The `bits` setting can be used to specify the length of the data to
extract and is required for fixed-length `string` types.
### `field` specification
When setting the `assignment` to `"field"` or omitting the `assignment`
setting, the extracted value will be used as a field. The `name` setting
is used as the name of the field and the `type` as type of the field value.
The `bits` setting can be used to specify the length of the data to
extract. By default the length corresponding to `type` is used.
Please see the [string](#string-type-handling) and [bool](#bool-type-handling)
specific sections when using those types.
### `string` type handling
Strings are assumed to be fixed-length strings by default. In this case, the
`bits` setting is mandatory to specify the length of the string in _bit_.
To handle dynamic strings, the `terminator` setting can be used to specify
characters to terminate the string. The two named options, `fixed` and `null`
will specify fixed-length and null-terminated strings, respectively.
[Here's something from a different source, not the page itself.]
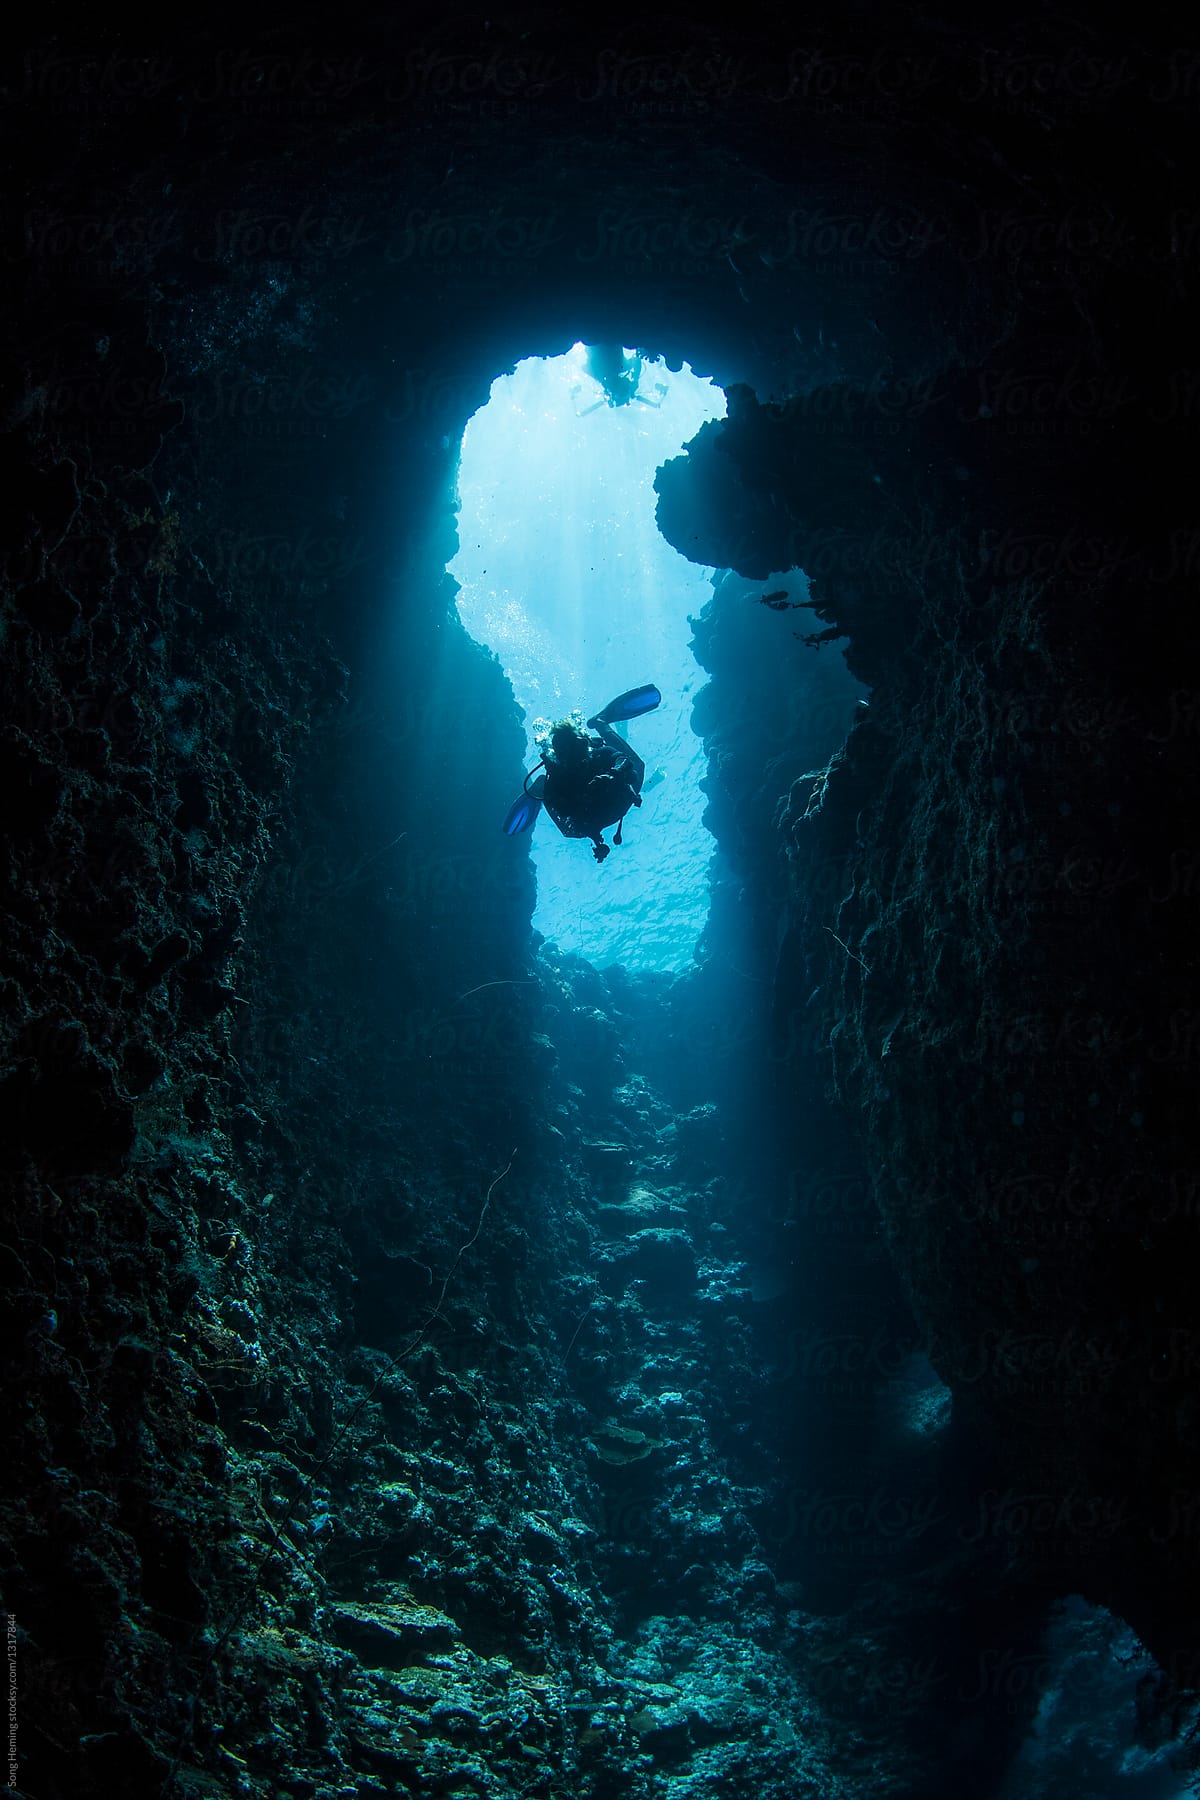 Scuba diver diving down to the blue hole

Any other setting will be interpreted as hexadecimal sequence of bytes
matching the end of the string. The termination-sequence is removed from
the result.
### `bool` type handling
By default `bool` types are assumed to be _one_ bit in length. You can
specify any other length by using the `bits` setting.
When interpreting values as booleans, any zero value will be `false`,
while any non-zero value will result in `true`.
### omitting data
Parts of the data can be omitted by setting `omit = true`. In this case,
you only need to specify the length of the chunk to omit by either using
the `type` or `bits` setting. All other options can be skipped.
### Filter definitions
Filters can be used to match the length or the content of the data against
a specified reference. See the [examples section](#examples) for details.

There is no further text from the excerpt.